Incrível... Meus olhos se arregalaram de surpresa. Presumi que esse seria o tipo de batalha em que ondas de poder lançavam faíscas e rajadas mágicas desviadas destruíam a paisagem... Apenas um grande espetáculo, sabe? Mas, para ser franca, a luta estava se tornando perfeitamente direta.
Embora não me parecesse que nenhum dos lados estava se segurando. Havia apenas um surpreendente pouco de excesso no uso de poder.
A explicação mais provável era que estavam tentando evitar danos colaterais, já que uma batalha total entre esses caras acabaria destruindo a montanha inteira. Xellos não queria que nos machucássemos, e Raltark e Rashart não queriam fazer nada que pudesse colocar os dragões contra eles.
Contudo enquanto a luta que eu conseguia acompanhar continuava, com seus bloqueios de ataques e o selamento mágico, parecia que os mazokus agora também estavam se envolvendo no plano astral. De vez em quando vislumbrava uma broca preta entrando e saindo da existência acima da cabeça de Raltark. Ou a espada na mão de Rashart parecia se borrar por um segundo. Ou Raltark soltava um gemido de dor... Suponho que algum tipo de vaivém estava acontecendo; apenas não tinha os detalhes.
É verdade que não estava com tempo para relaxar e vê-los lutar. Os orbes Vermelho e Cinza vinham em nossa direção, ainda que não em grande velocidade. Imaginei que fossem mazokus que Raltark havia arrastado do lado astral da realidade. Gourry e eu já havíamos lutado contra essas criaturas mais abstratas uma vez em Saillune, contudo, a julgar pela incerteza nos rostos de Amelia e Zel, aquela era a sua primeira vez.
“Cuidado, Zel! Amelia!

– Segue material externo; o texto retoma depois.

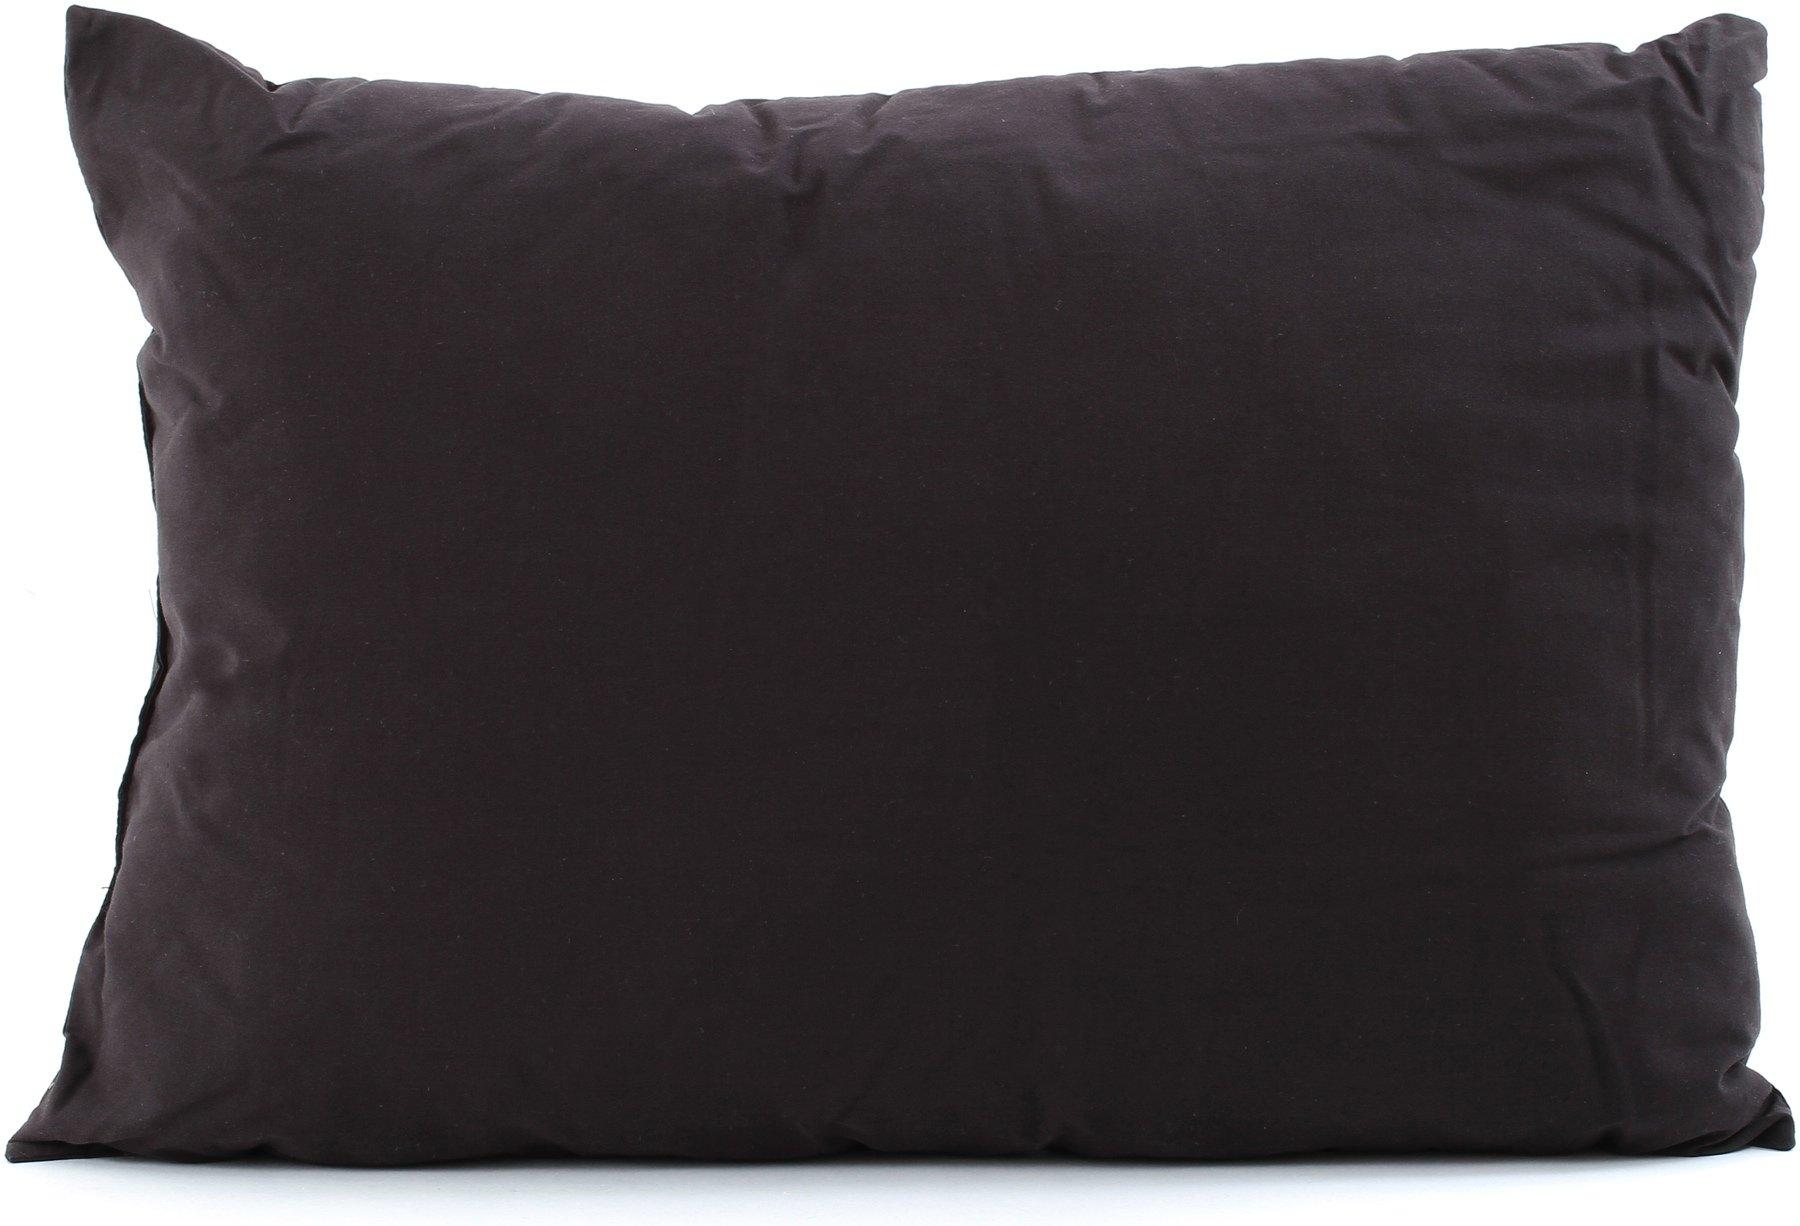 PDP Bass Drum Pillow image 1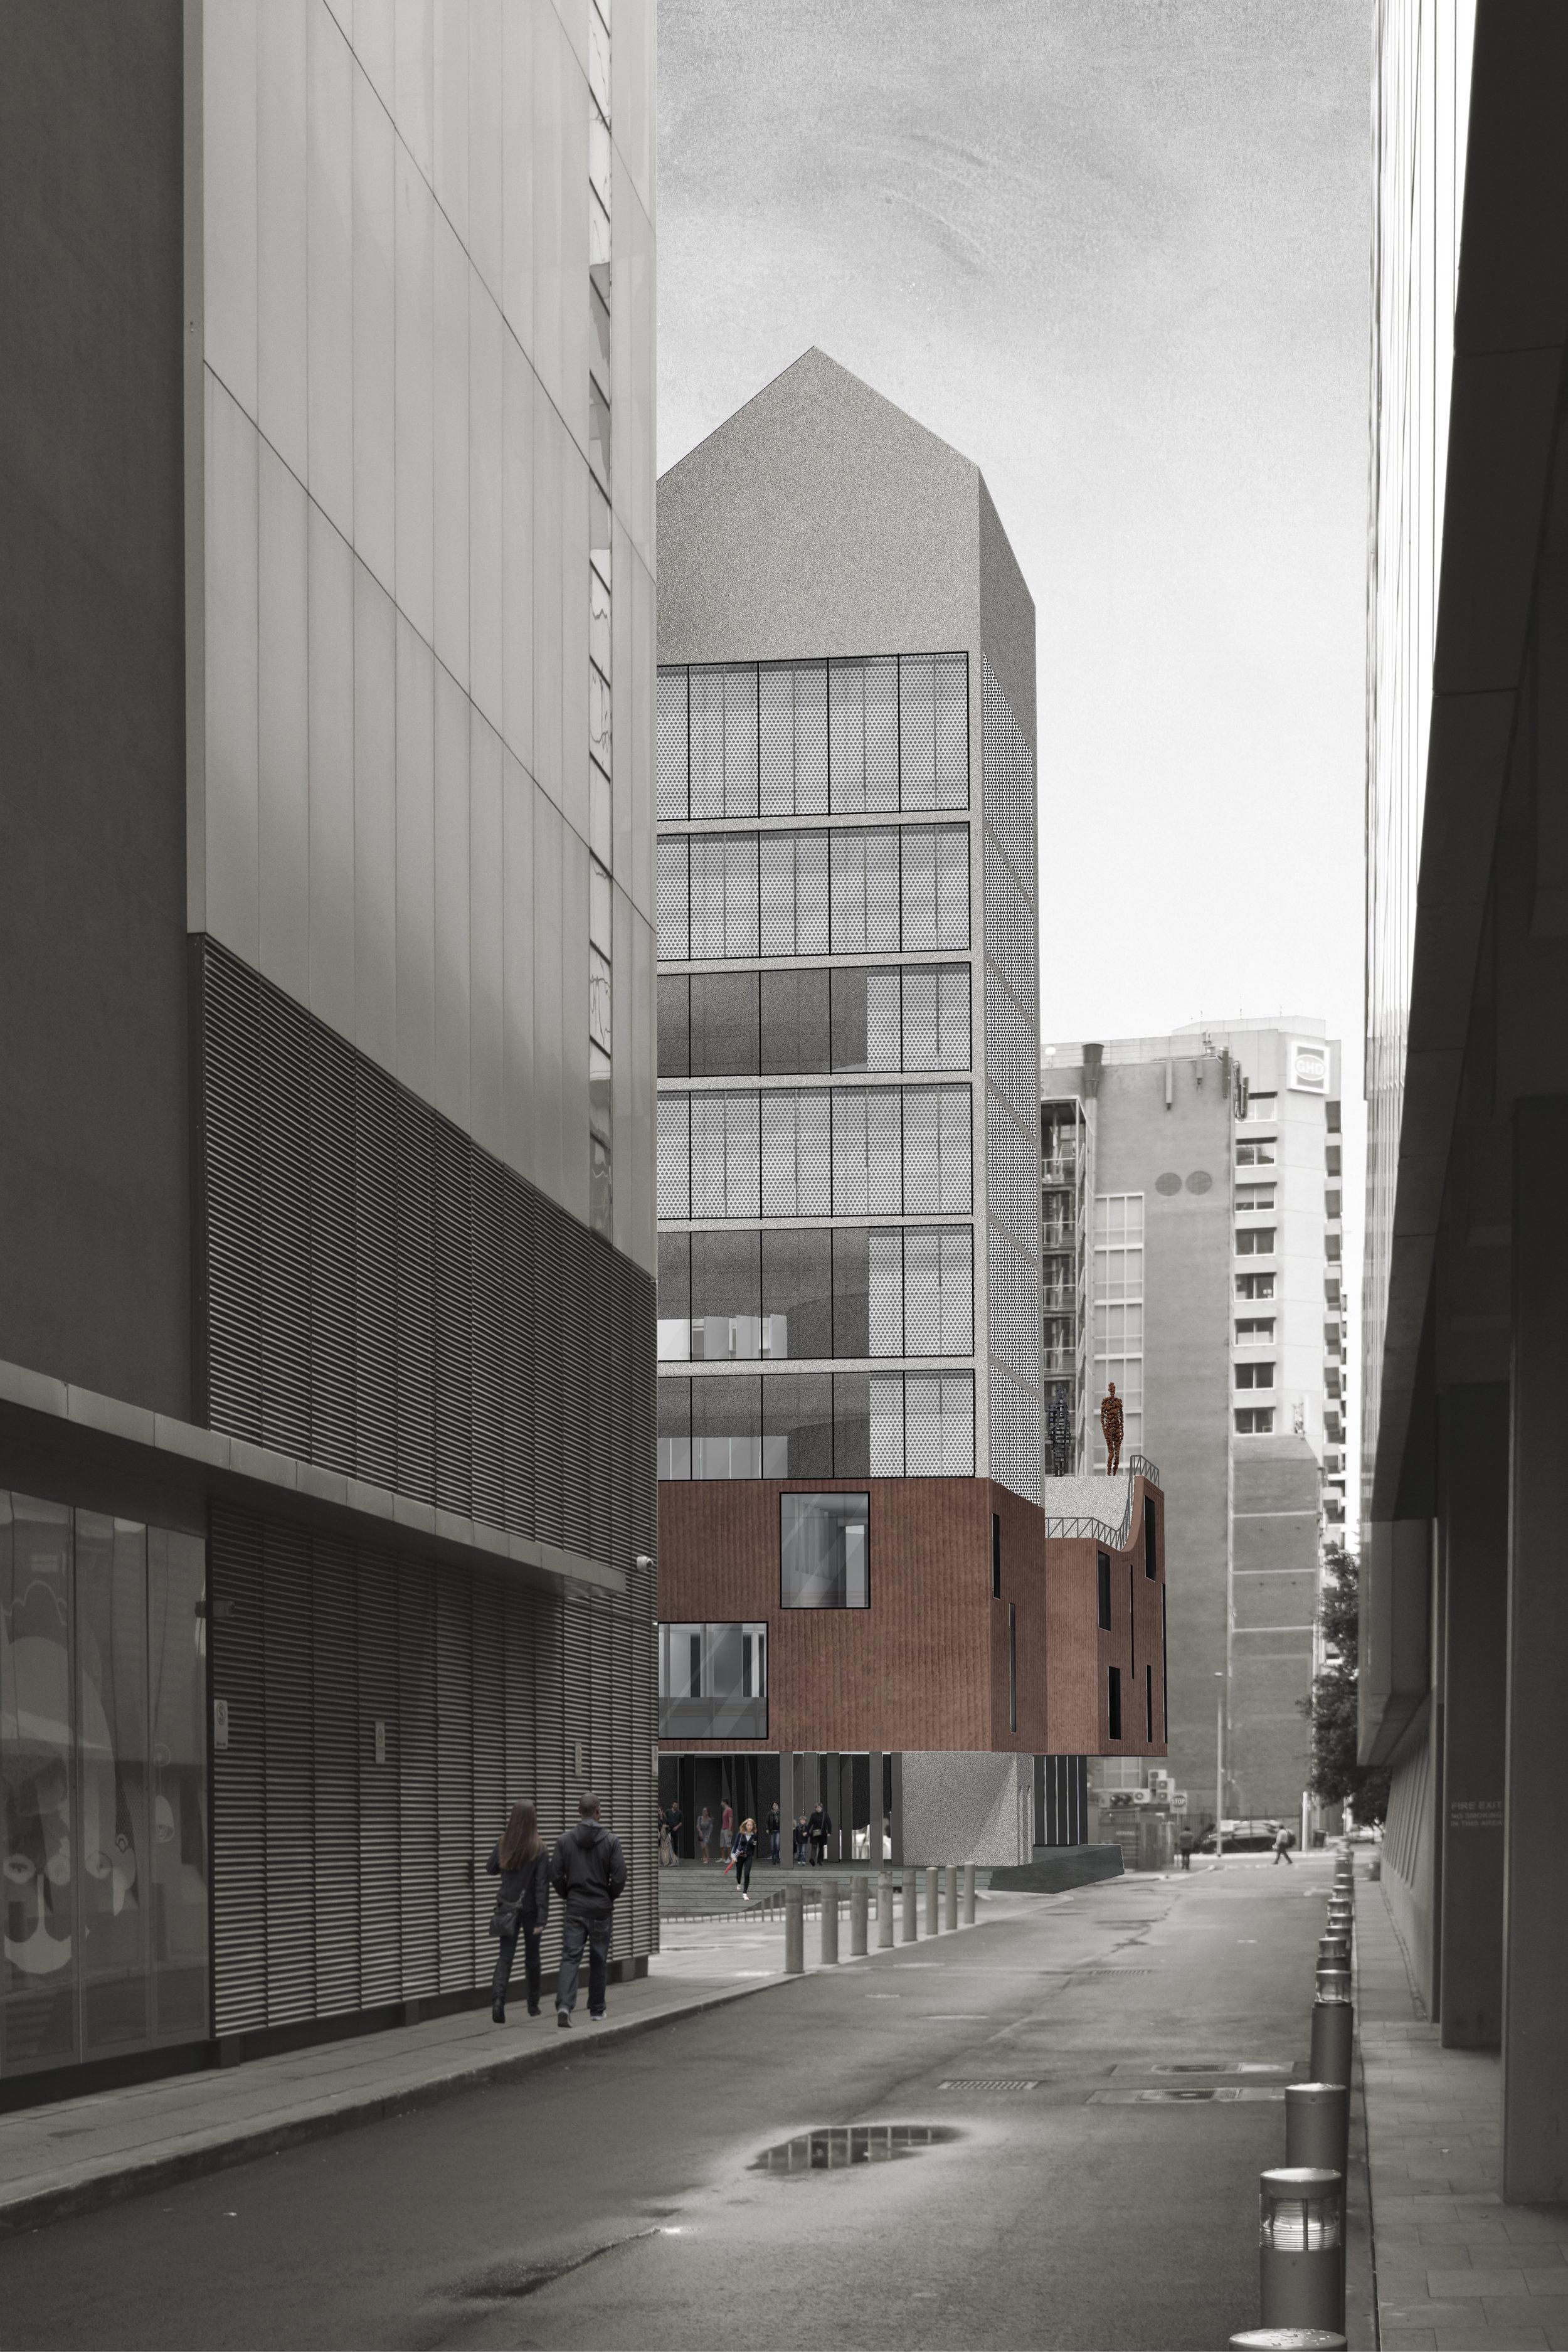 North facade street view1.jpg

Eles podem parecer um pouco ridículos, no entanto devem ser bastante durões!” alertei.
“É óbvio, é só que...” Zel murmurou.
“Eu ainda não quero lutar com eles.” respondeu Amelia.
Com isso, ambos começaram a entoar cânticos. Por sua vez, Gourry sacou a Espada da Luz e eu comecei a trabalhar em um feitiço próprio.
“Lança Elemekia!” Amelia invocou primeiro.
E no momento em que a lançou, o orbe Cinza mergulhou para interceptar sua trajetória. Pwash! A lança de luz o penetrou diretamente e, no mesmo instante, o vermelho disparou múltiplas lanças de luz... Direto em Zelgadis!
“Videira Astral!” gritou ele, usando seu feitiço para infundir magia em sua espada. Em seguida, se esquivou ou cortou as lanças que se aproximavam.
Agora era a minha vez.
“Garra Negra!” gritei, invocando uma massa disforme de magia que pairava como um enxame de insetos alados negros ao meu redor.
A massa avançou em alta velocidade em direção ao orbe Vermelho... Zoom! Entretanto o Cinza seguiu direto para o perigo que se aproximava mais uma vez, em uma nítida tentativa de defender o Vermelho, recebendo o golpe!
Vrum! Assim que o Cinza foi atingido, o Vermelho cuspiu uma névoa negra em nós!
“O quê?”
Saltamos o quanto antes para longe e nos abrigamos atrás de uma grande rocha próxima. Ouvi o que se assemelhava a água espirrando no chão. Quando saímos da cobertura, pudemos ver inúmeros buracos pequenos e rasos escavados do outro lado da rocha.
Aquilo era... A execução de um feitiço de Garra Negra? Claro! Pelo visto a estratégia dos orbes era que o Cinza absorvesse nossos ataques e depois, de alguma forma, o Vermelho os disparasse de volta amplificados.
“Todos! Mirem no Vermelho!” gritei.
“Pode deixar!” respondeu Gourry, preparando a Espada da Luz enquanto investia.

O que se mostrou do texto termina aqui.